However, note that when we generate our ratio indicator between amount and population for the year 2020, Panama manages to lead with the highest magnitude (it must be taken into account that this country is significantly smaller than the others).
Now let’s take a quick look at the balance of trade#
Below are graphs and tables on the behavior of the country’s trade balance
import seaborn as sns
test = panel[panel['country'] == 'World']
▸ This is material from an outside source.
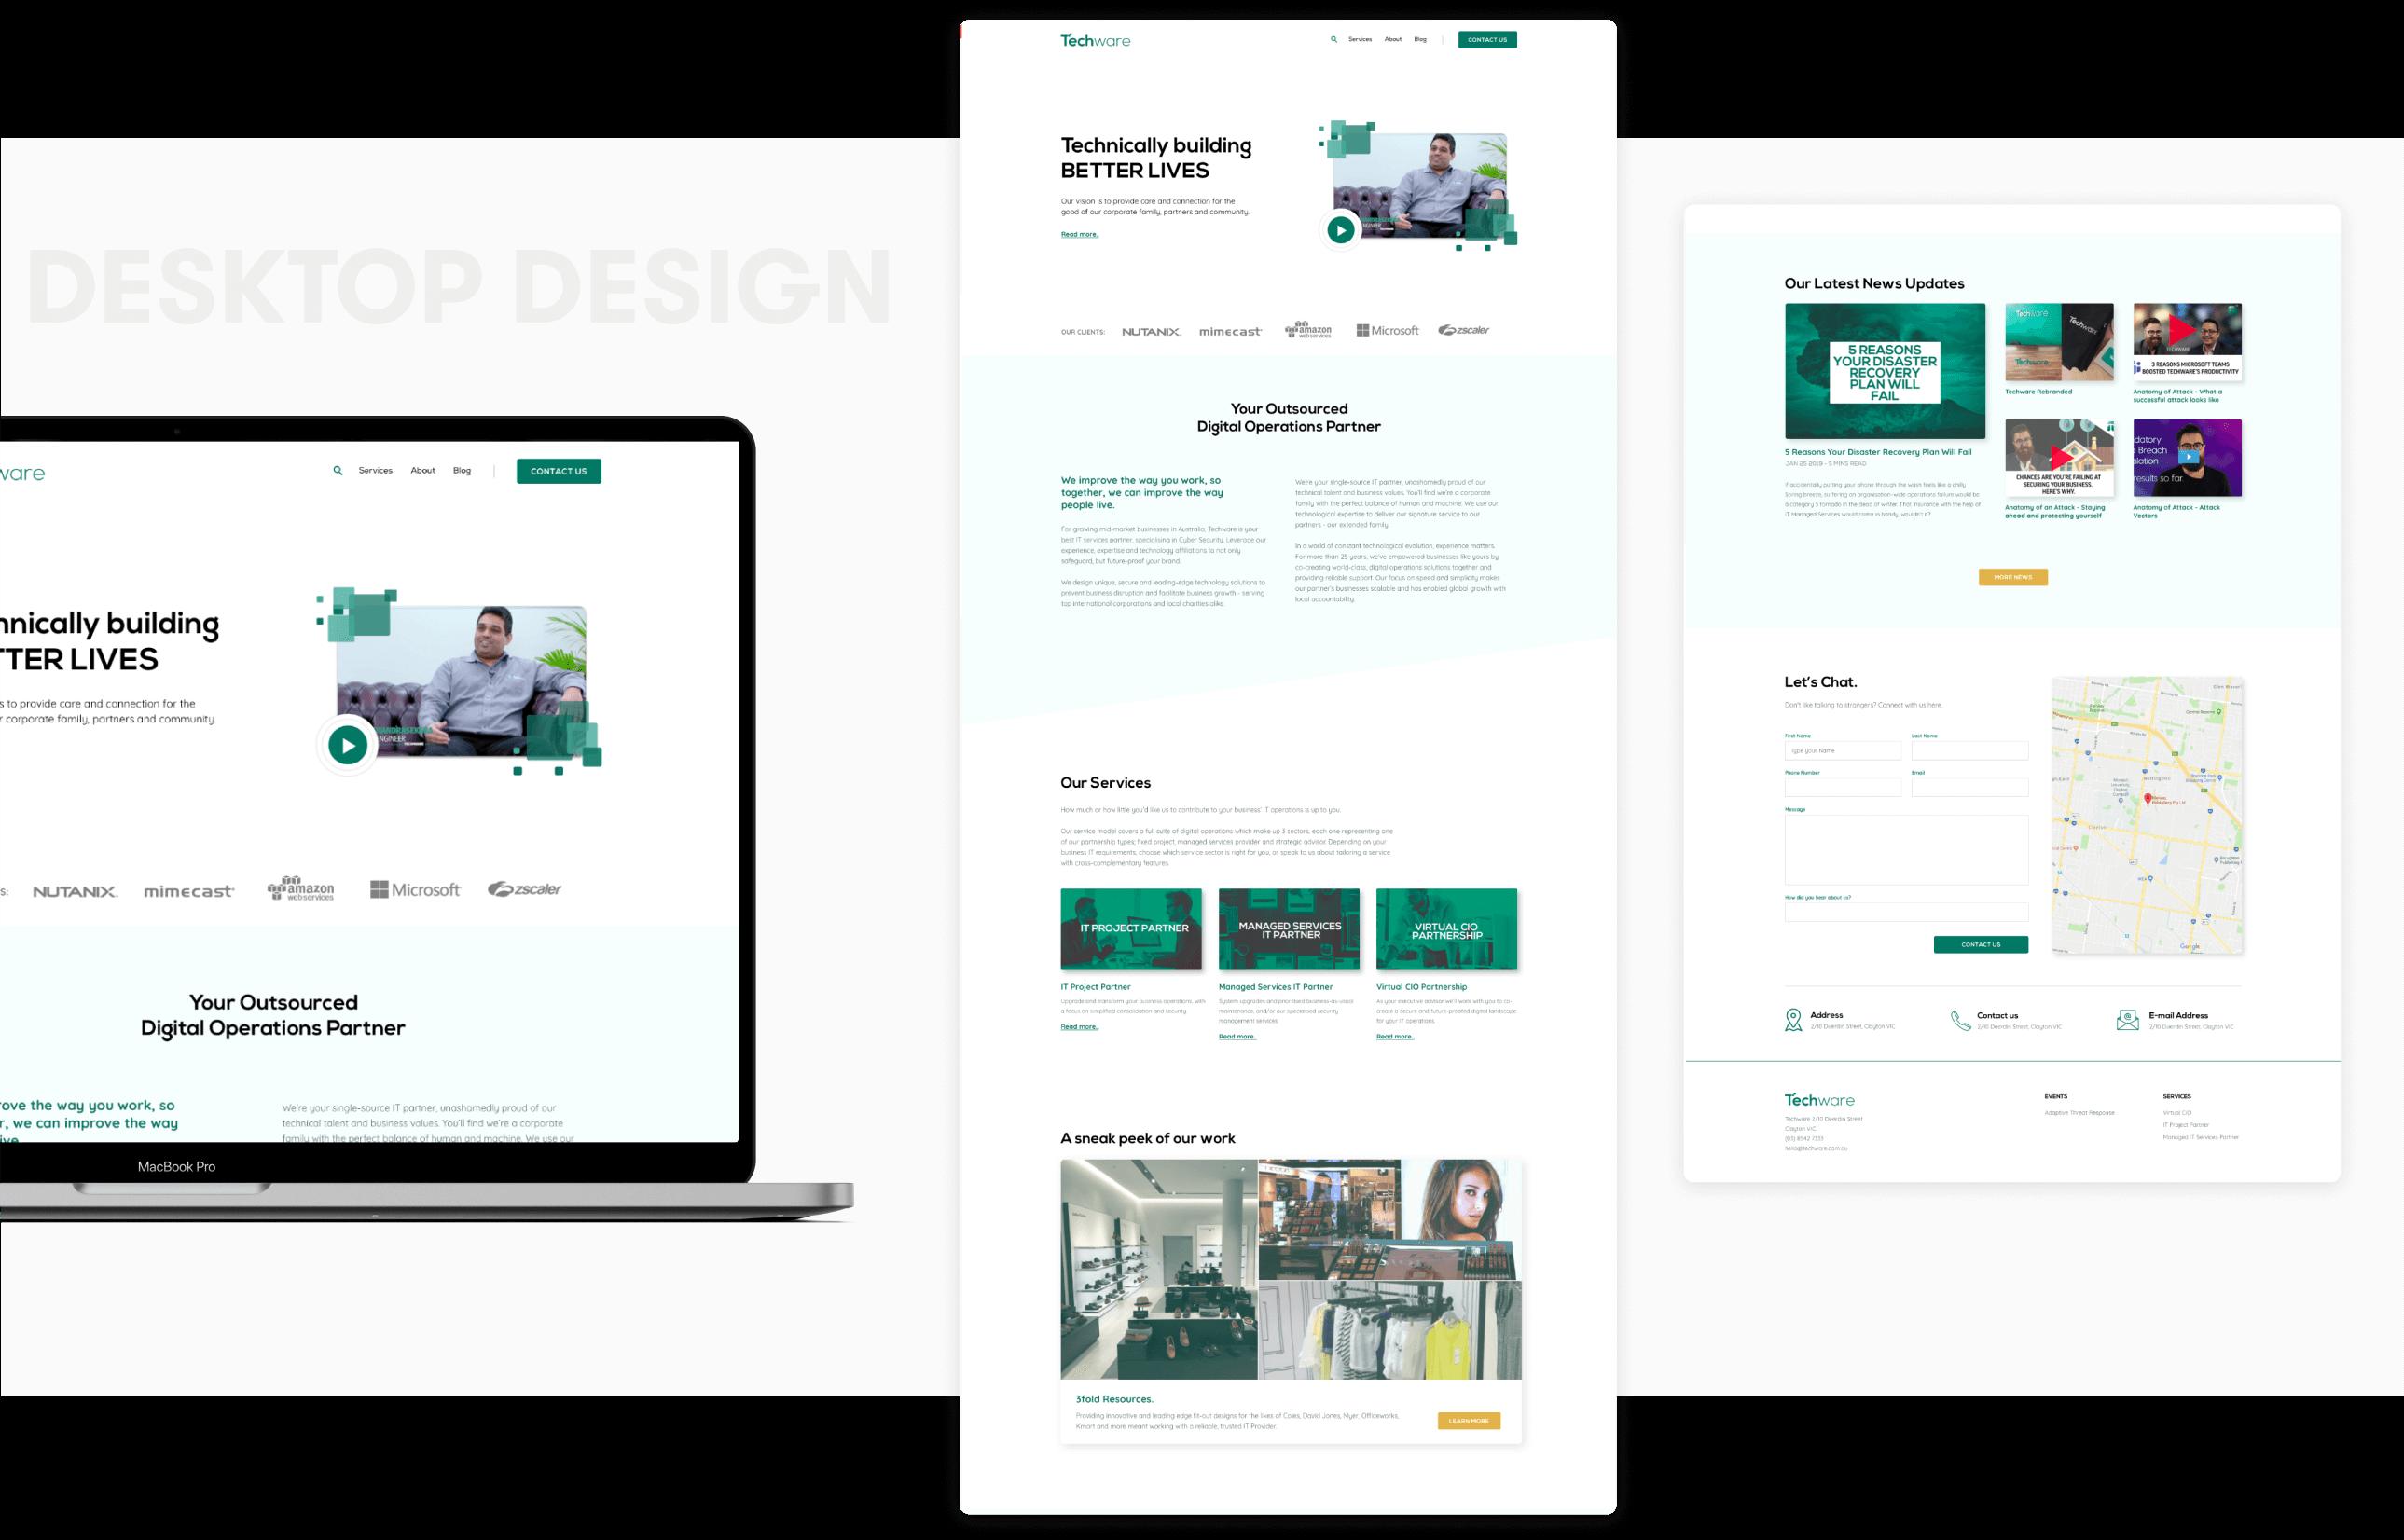 Techware Desktop | Design and development by wowdesign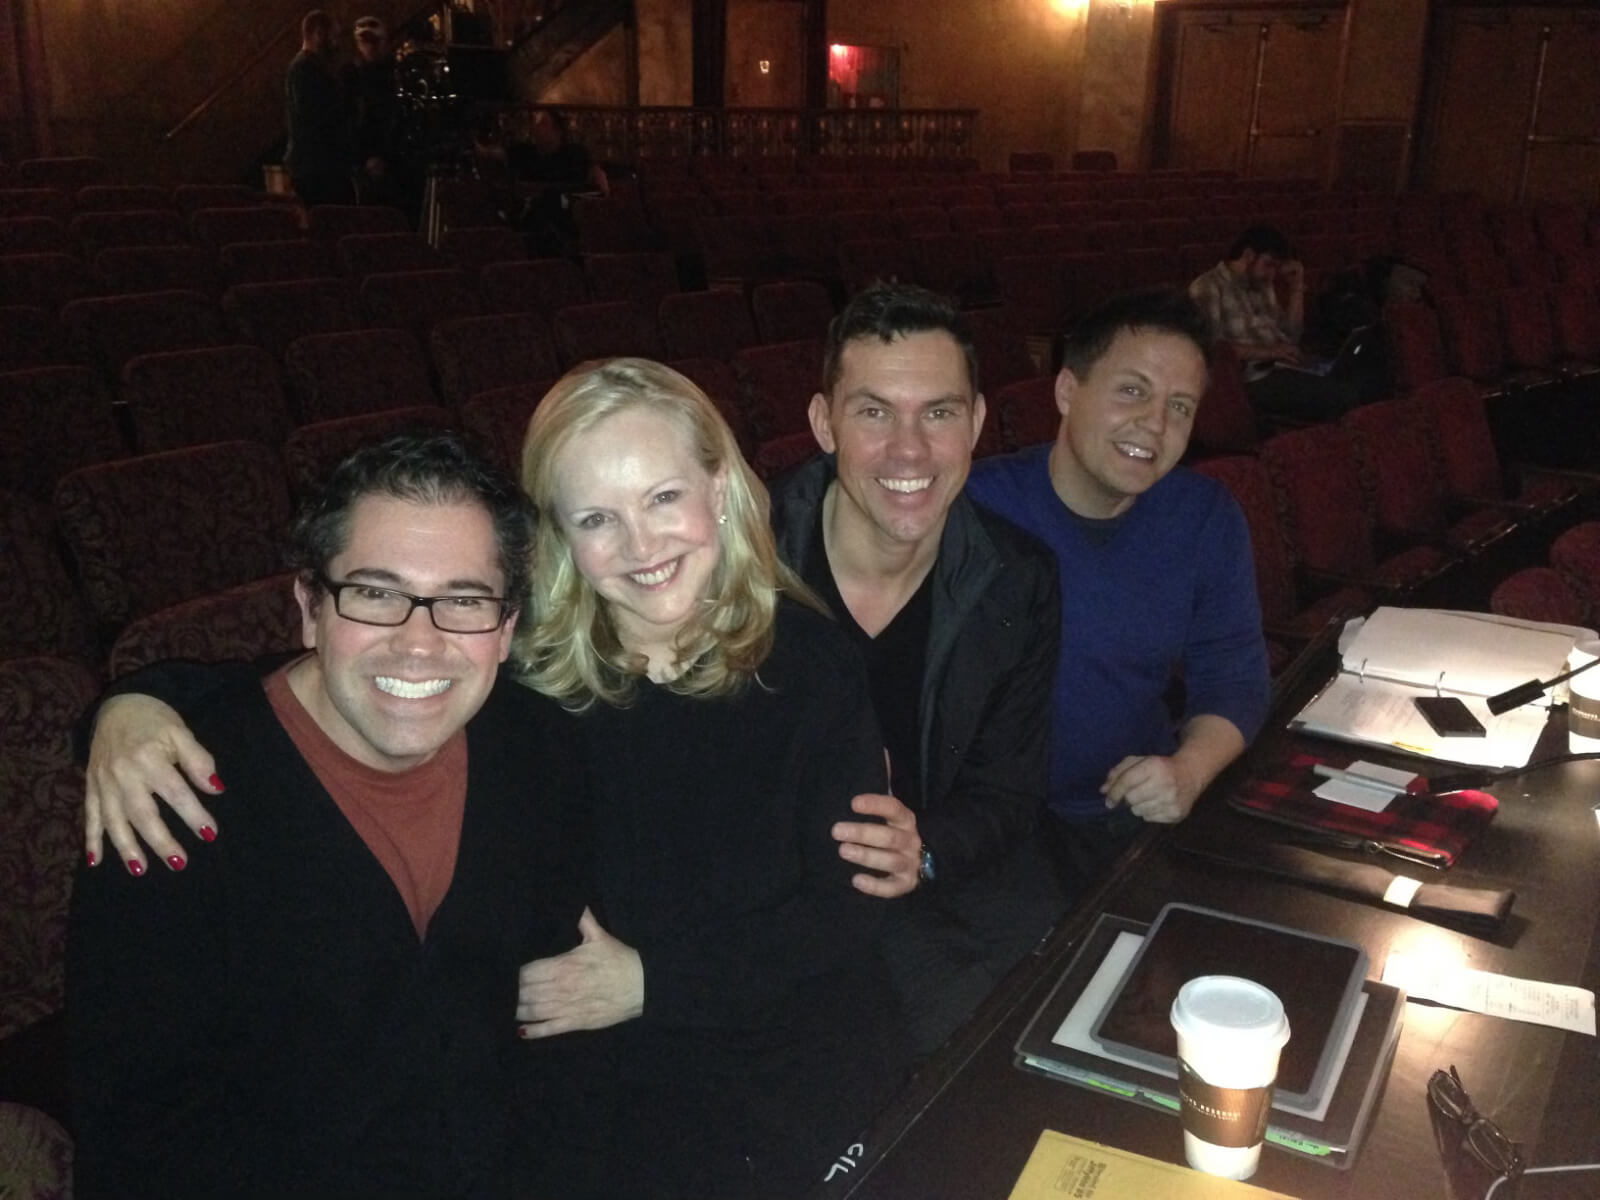 Musical director Andy Einhorn, Susan Stroman, associate choreographer James Gray, associate director Jeff Whiting

plt.figure(figsize=(20,6))
sns.set(style='whitegrid', rc={"grid.linewidth": 0.1}) # Seaborn Style
sns.set_context("notebook", font_scale=1.25) # More Seaborn Style
rcParams['axes.titlepad'] = 20 # set a space between the title and the figure
plt.xticks(rotation=45)
# plt.ylim(0,1000000)
plt.ylabel('fa')
balance1 = sns.barplot(data = test, x = 'year', y ='amount', hue = 'relation').set_title('Imports and Exports Colombia. 2001 -2020. USD Thousands of Millions')
test = panel[panel['country'] == 'World']
exp_w = test[test['relation'] == 'exports']
exp_w['year'] = pd.to_datetime(exp_w['year'], format='%Y')
imp_w = test[test['relation'] == 'imports']
imp_w['year'] = pd.to_datetime(imp_w['year'], format='%Y')
plt.figure(figsize = (10,5))
plt.title('Below you can see the annual behavior of Colombian exports and imports from 2001 to 2020.\
\nThere are also some interesting apparent balance points during this time series.', loc = 'left', y=0.98,fontsize=12)
plt.suptitle('Balance of trade of Colombia 2001 -2020', y=1.05, fontsize=16)
plt.plot(exp_w['year'],exp_w['amount']/1000000, label = 'Exports', c = 'red', linestyle = '-.')
plt.plot(imp_w['year'],imp_w['amount']/1000000, label = 'Imports', c = 'blue', linestyle = '-.')
plt.fill_between(imp_w['year'],exp_w['amount']/1000000,imp_w['amount']/1000000,
alpha = 0.4,interpolate = True, label = 'Trade Balance')
plt.grid(axis ='x')
plt.xlabel('Year', fontsize = 15)
plt.ylabel('USD Thousands of Millions',fontsize = 15)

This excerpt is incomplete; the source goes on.